Some of the children playing in your living room today may very well be the doctors and nurses of tomorrow!

The health care industry is exploding and as our nation gets older the demand is skyrocketing.

In fact, the demand is so great there's expected to be a shortage of almost one million nurses over the next decade!

Training is now starting at the high school level to help prepare the health care workers of tomorrow.

In Boyd County Kentucky Medicaid Nurses Aide and EMT training is now available in the Vocational Tech Center.

Brent Biggs is a high school junior training to become a registered nurse. This is no longer a female only position. It's a trend in education that's happening in districts around the region.

The emergency for fire and ambulance crews around the country is a growing need for trained EMTS. South Charleston High School is the first school in Kanawha County to offer EMT training on the high school level.

One teacher said, "For these kids to be able to go into the pre-hospital setting and perform is going to be awesome."

Jennifer Bigler is going through the Medicaid Nursing Program. Her family members are also in medicine: it's in their blood.

Jennifer says, "It's just amazing, being able know you're the one out there saving all these lives.”
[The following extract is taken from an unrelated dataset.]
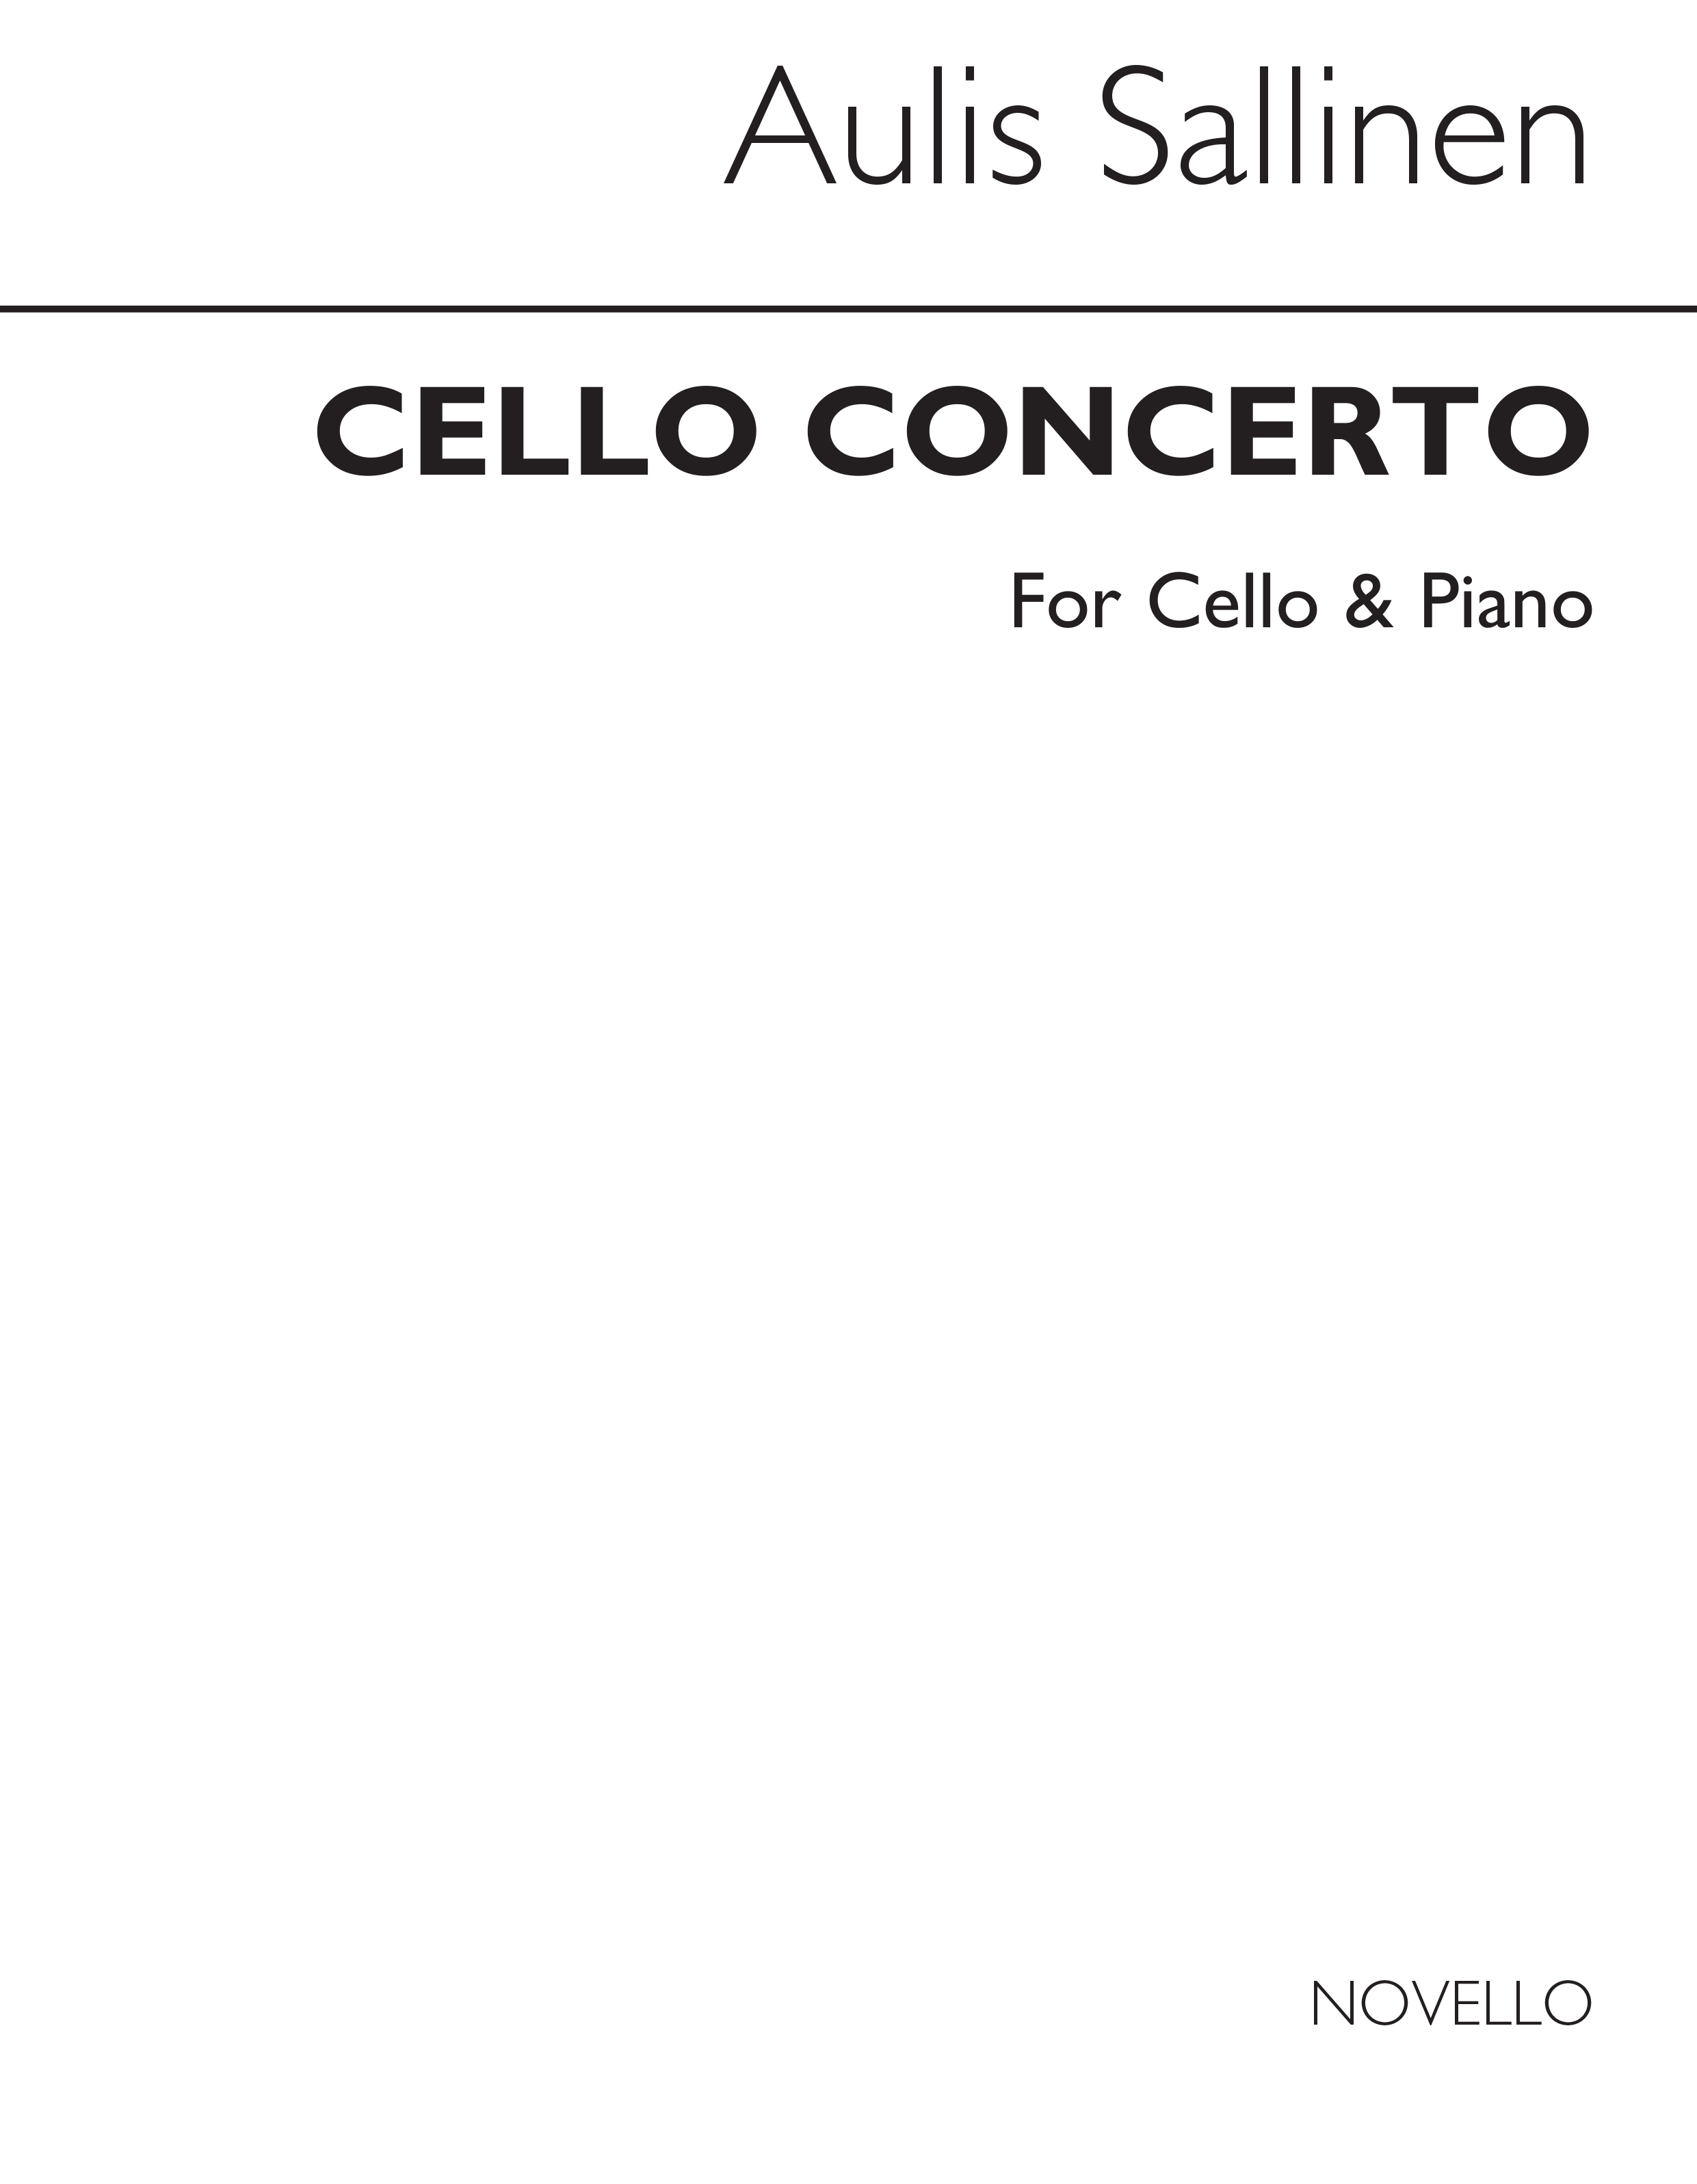 Aulis Sallinen: Concerto For Cello
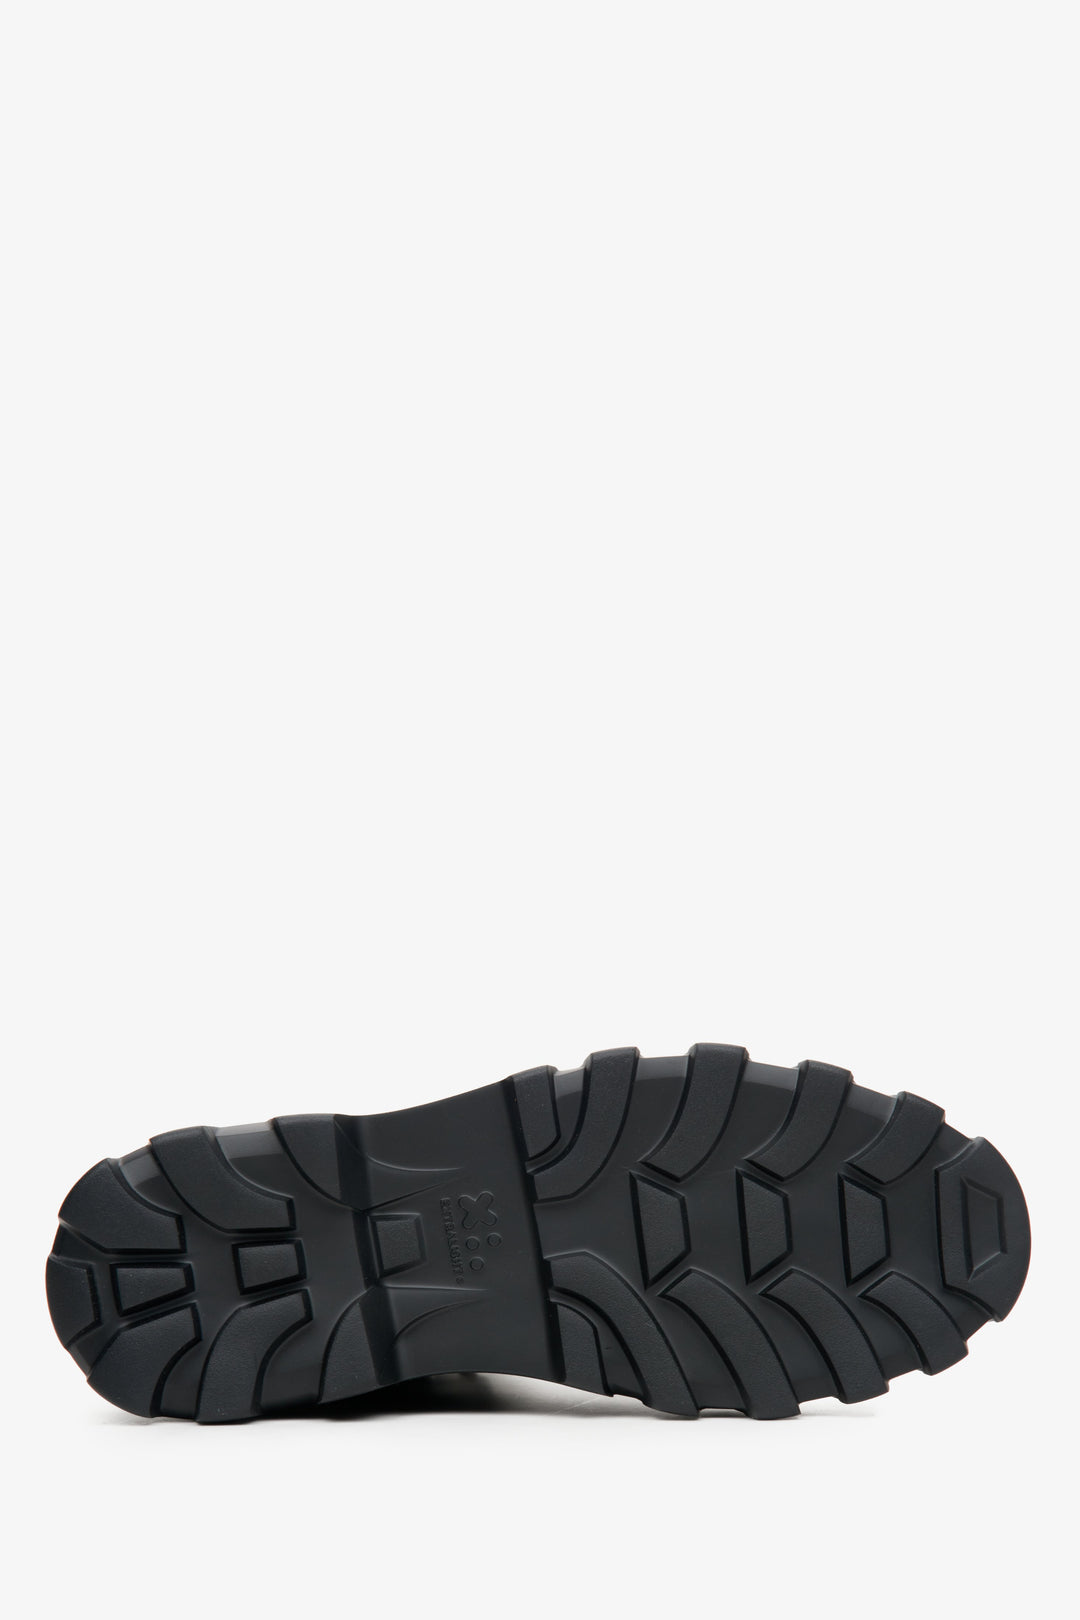 Men's black Estro autumn boots - close-up on the sole.

Some perspective here: the Southern Regional Board of Education which, includes the states of West Virginia and Kentucky, expects the nursing shortage to top 30% over the next 15 years. Part of that problem, is not only the need for nurses but the need for nursing faculty in colleges and universities across the country!

The jobs are there but there's no denying it's tough! Nursing also has a high turnover rate. In fact, in a survey published in an issue of Health Affairs, more than 40% report a feeling of dissatisfaction of being overworked.

A quick check of hospitals in our region shows all are recruiting nurses to fill the need.